• DATASET CONTENT

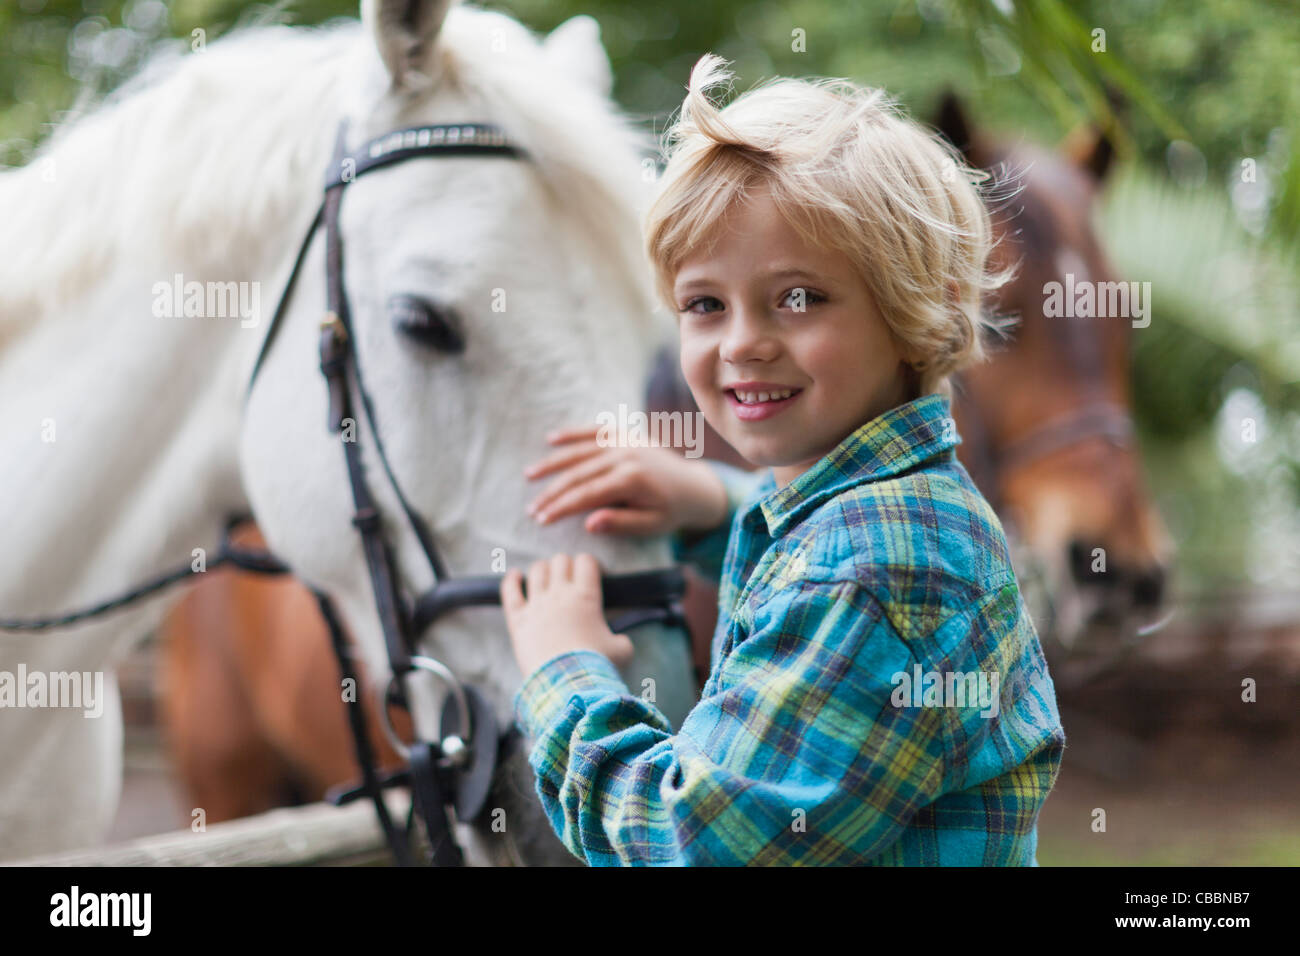 Smiling boy petting horse in yard - Stock Image
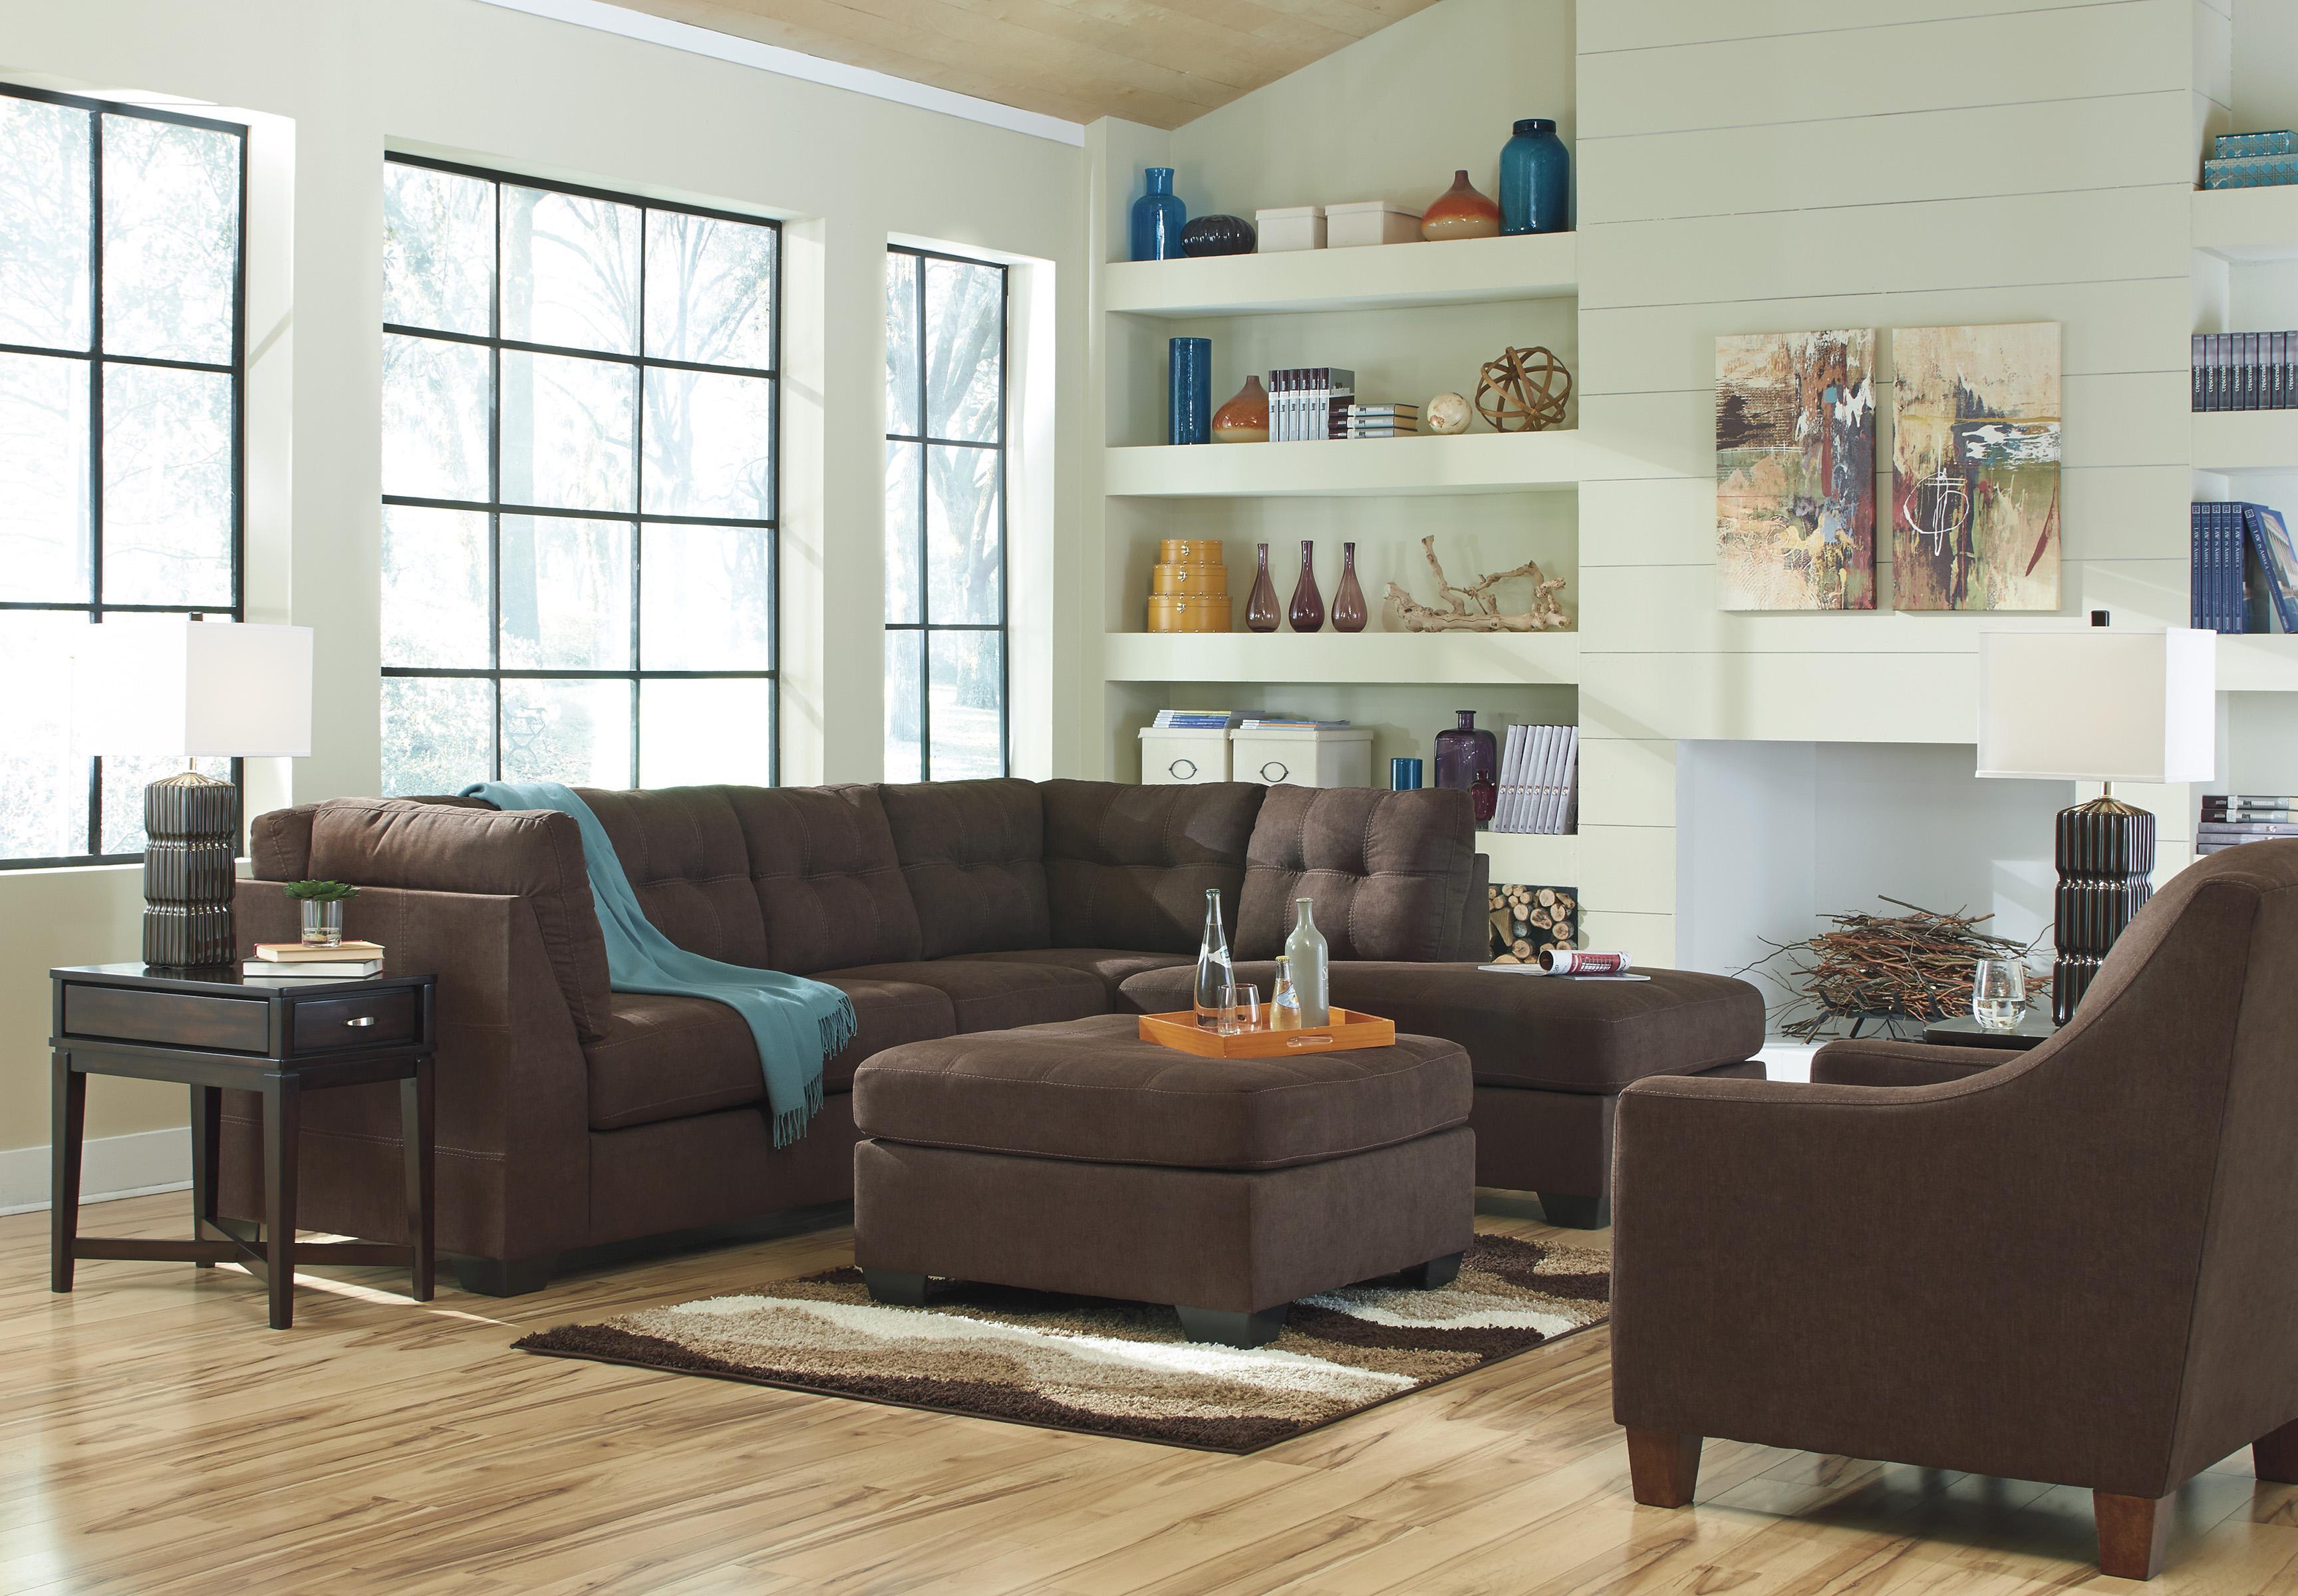 Value City Furniture In Green Brook Nj
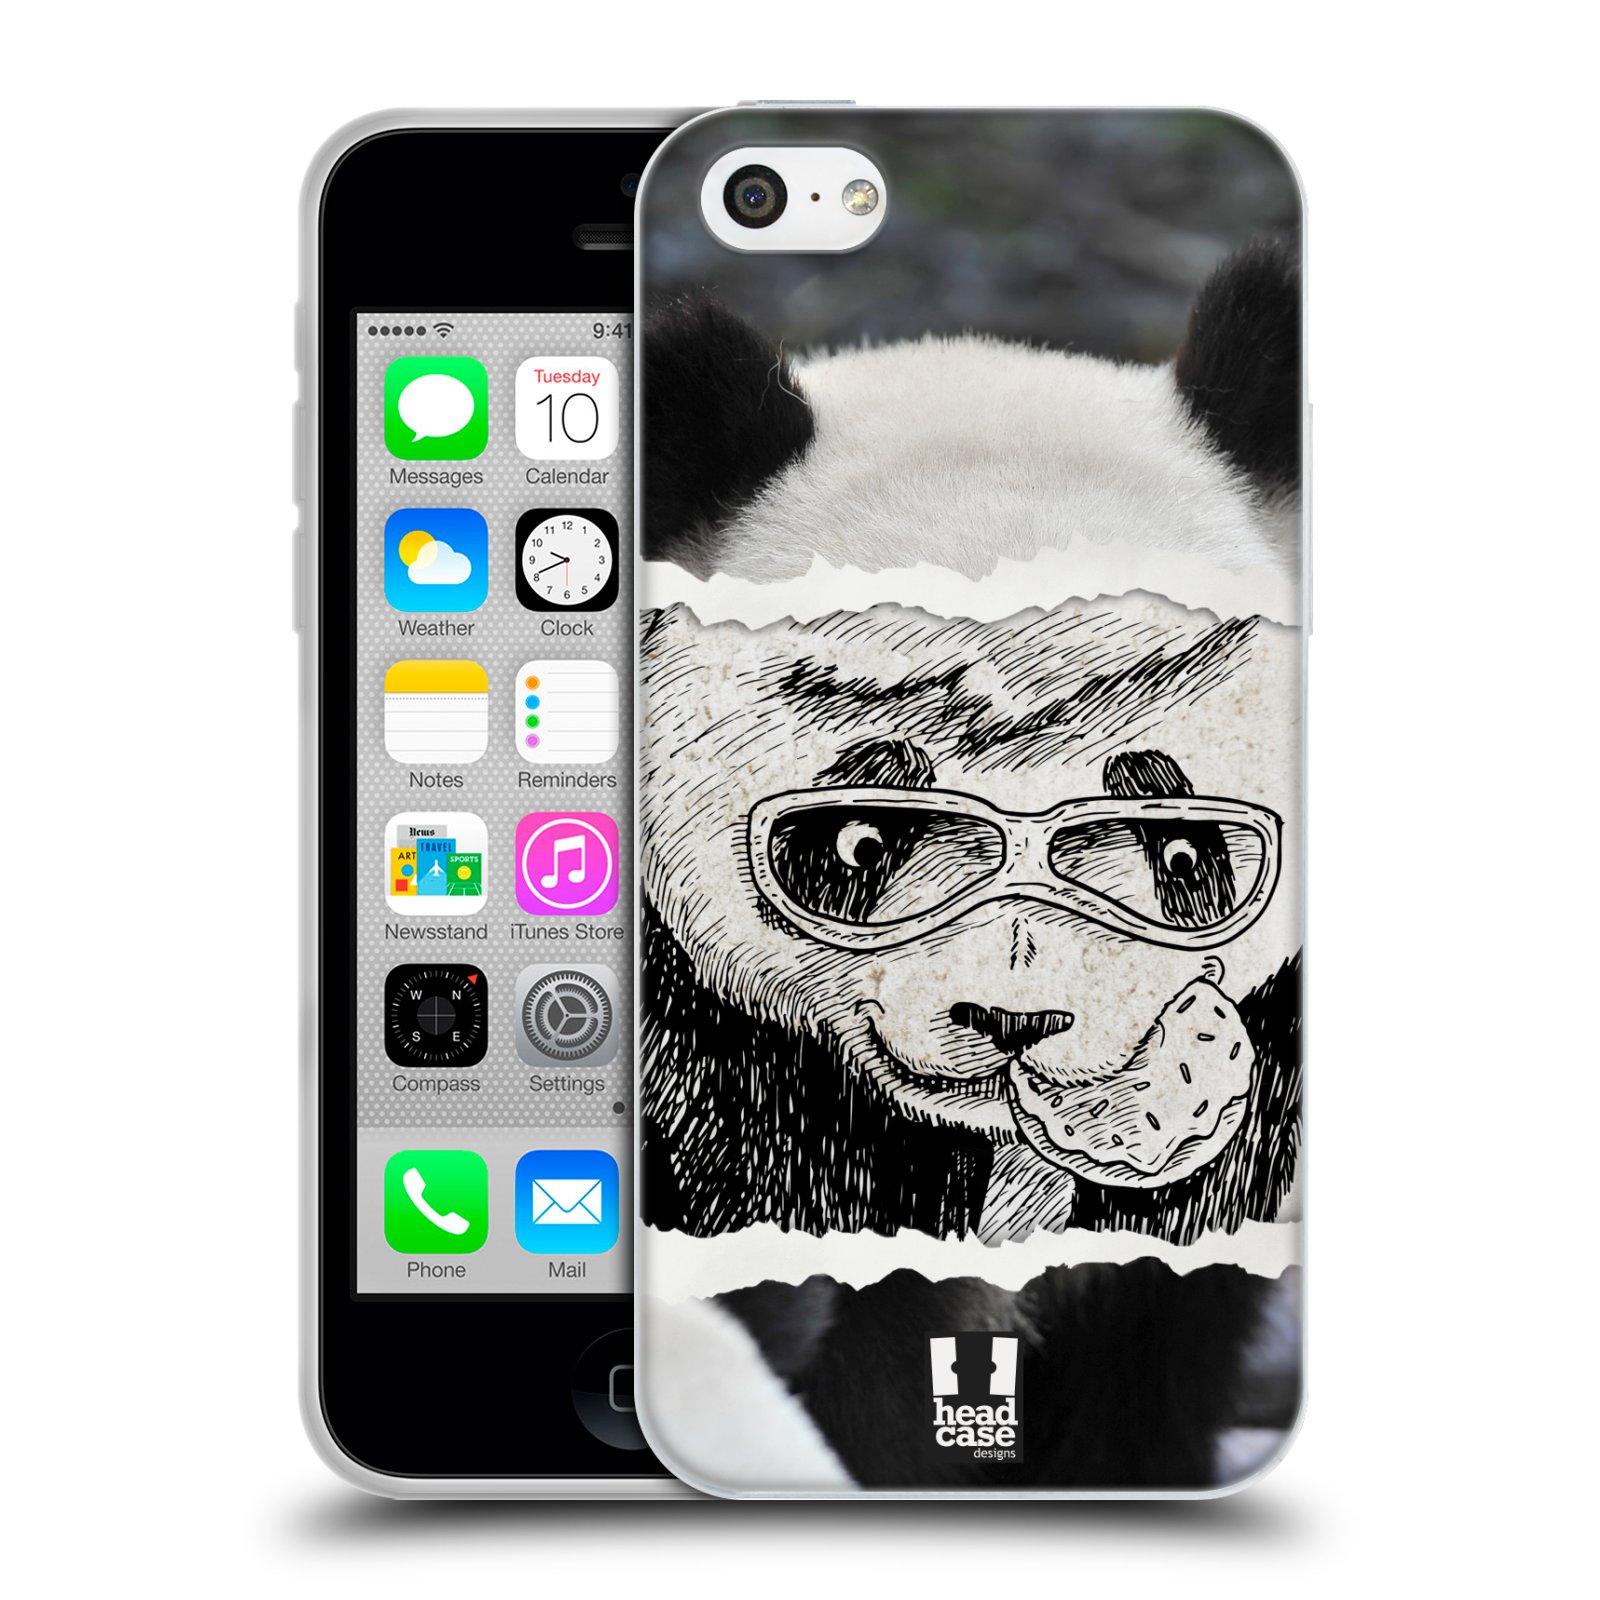 HEAD CASE silikonový obal na mobil Apple Iphone 5C vzor zvířata koláž roztomilá panda

• ASSIGNMENT
Your task is to retype exactly, and only, the lines from the one that holds "Value City Furniture In Green Brook Nj" through the end of the listing, both end lines included, without any pictures.

• EXERCISE OUTPUT
 Value City Furniture In Green Brook Nj
 HEAD CASE silikonový obal na mobil Apple Iphone 5C vzor zvířata koláž roztomilá panda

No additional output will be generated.